The Superfriends Get a New Paint Job

Columbus Alive | August 4, 2005
Here’s the deal: You can be a huge nerd, you can even get paid money and earn critical accolades for reliving your favorite childhood cartoons, but only if you can paint in such a lush, photoreaslitic style that viewers of your work might actually think they’re looking at photographs.

That seems to be the Faustian bargain Alex Ross made at some point in his career. His thoughtful understanding of symbols and heroes, bold sense of design and unparalleled skills with a brush has given us exceptionally literate superhero epics (Marvels, Kingdom Come), storybook-like character studies of heroes (his treasury-sized collaborations with writer Paul Dini) and one great, cape-free graphic novel (Uncle Sam, with Steve Darnell).

Ross has also created entire universes of superheroes, most notably with collaborator Kurt Busiek for his Astro City series, and painted about a million covers, sometimes of the cheesiest heroes imaginable, like Space Ghost.

And while Ross’ name is not especially well known outside of comics, his work is. Those paintings at the beginning of Spider-Man 2 recapping the previous film? Those were his.

This week Ross is back with perhaps his geekiest work of all time (yes, even geekier than Space Ghost): the first issue of a 12-part, bi-monthly series entitled Justice (DC), which will feature the Justice League of America’s superheroes doing battle with the Legion of Doom. If that set-up sounds familiar, it should—it’s basically the 1970s Hanna Barbera cartoon Superfriends, but painted.

And what a difference painting can make. The first issue begins with a prologue in which a nuclear war destroys the earth, with the heroes powerless to save the day. It’s just a dream, but one that haunts their villains, so Lex Luthor decides to band them together to take on their enemies, with this issue being devoted to an Aquaman versus Black Manta fight.

Not only does everything seem much more serious when it’s painted (even the sight of a man riding a giant seahorse), but Ross’ interpretation of the characters and their place in their world (and ours) is impressively well thought-out, perhaps the result of long hours spent ruminating while painting.

Ross provides the covers and paints over pencils by his longtime collaborator Doug Braithwaite. The story is his and Jim Krueger’s, with Krueger doing the scripting.

Saying Superfriends never looked so good is a perverse understatement. Honestly, all superheroes have rarely looked this good—so good that it hardly matters if this turns out to be just a Hero A vs. Villain B comic book. But knowing Ross, there’s probably something a little deeper up his sleeve.

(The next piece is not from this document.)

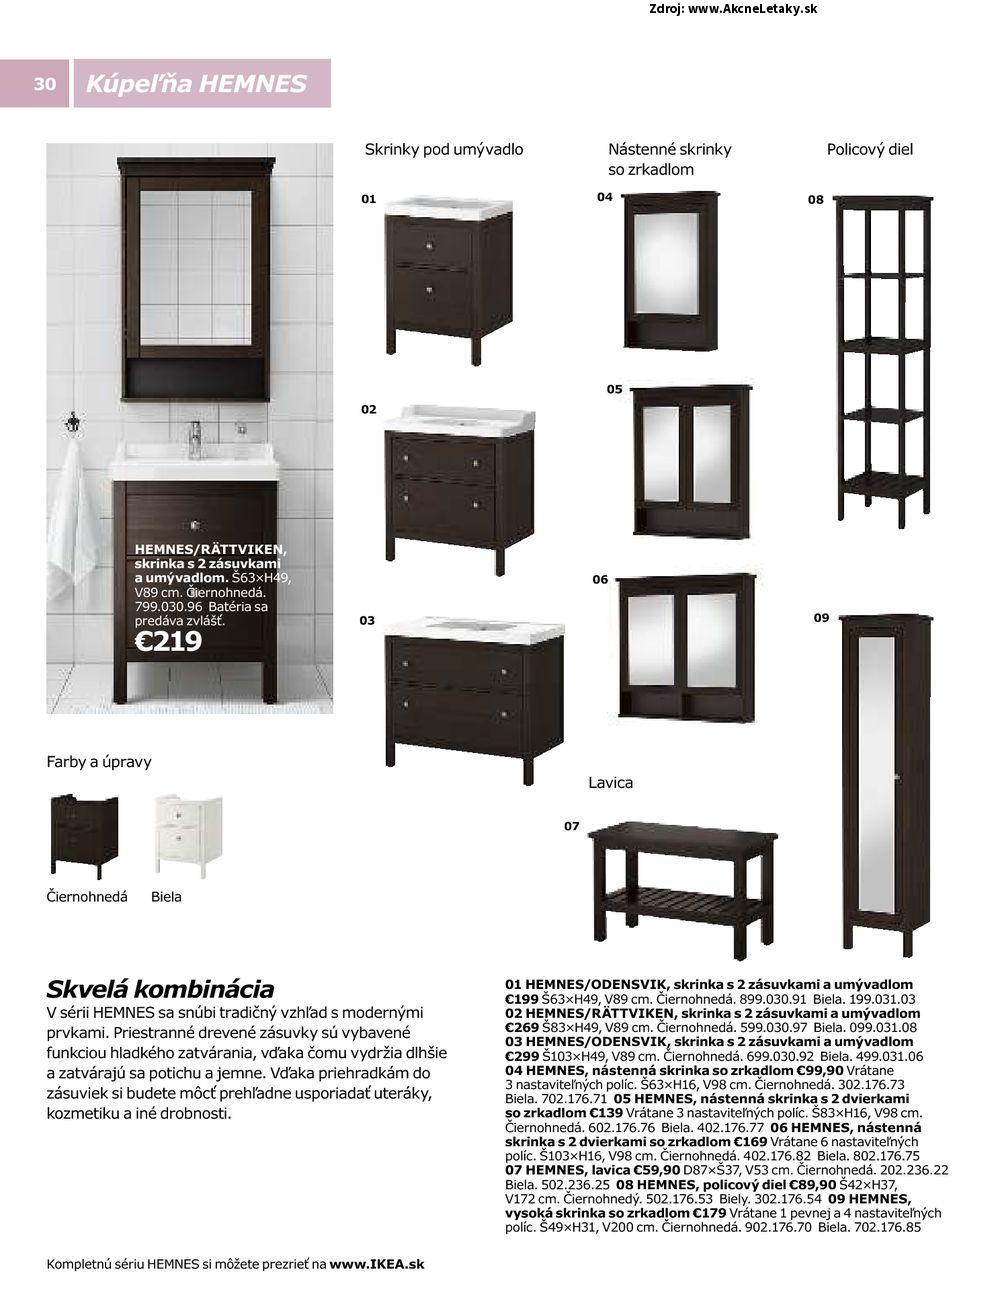 Letk Ikea - strana 30
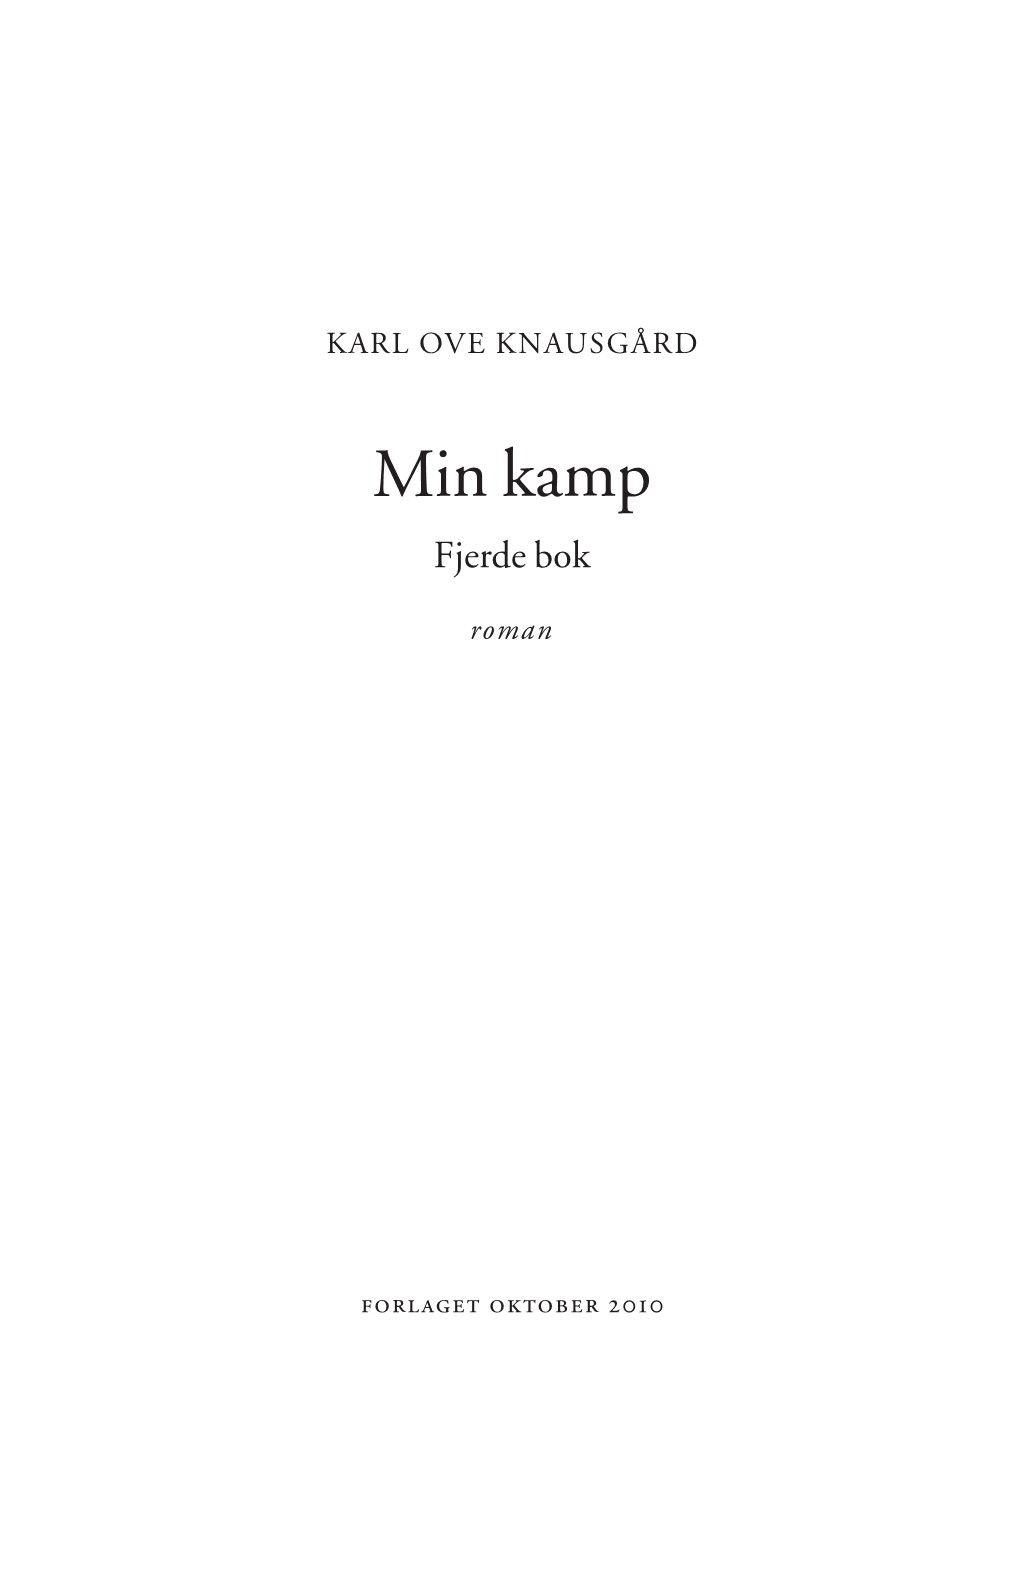 Min Kamp 4:En Tid for Alt 04-02-10 15:09 Side 3

“DC’s Greatest Imaginary Stories”

For the exact opposite of Ross’ measured, realistic take on DC’s superheroes, check out this collection of classic Silver Age comics featuring some of the craziest stories to ever feature Batman, Superman, Superman’s mermaid girlfriend Lori Lemaris, reporter girlfriend Lois Lane, Supergirl and the Flash, all published between 1946 and 1967.

While comics in those years, created mostly for an audience of children, were crazy, these stories are extra insane—they’re the ones that were billed as “Imaginary Stories.” That is, the ones with Supergirl flying around with her pet horse Comet the Superhorse or Superman shooting rainbows out of his fingertips were supposedly “real” stories, while the ones billed as “imaginary” would somehow mess with the characters so much that DC felt the need to tell readers that these stories should not be taken seriously.

The credits are a veritable who’s who of comics history, featuring scripts by Superman co-creator Jerry Siegel, Batman writer Bill Finger and Otto Binder, and art by Batman creator Bob Kane, the incomparable Dick Sprang (who’s expressionistic take on Batman still holds up remarkably well) and Curt Swan, the guy who defined Superman’s appearance.

A specially created retro cover by chameleonic stylist Brian Bolland shows the heroes all chilling over cake at a picnic, while, in Silver Age tradition, they completely ignore an imperiled Jimmy Olsen, who is being terrorized by a giant robot a few feet away.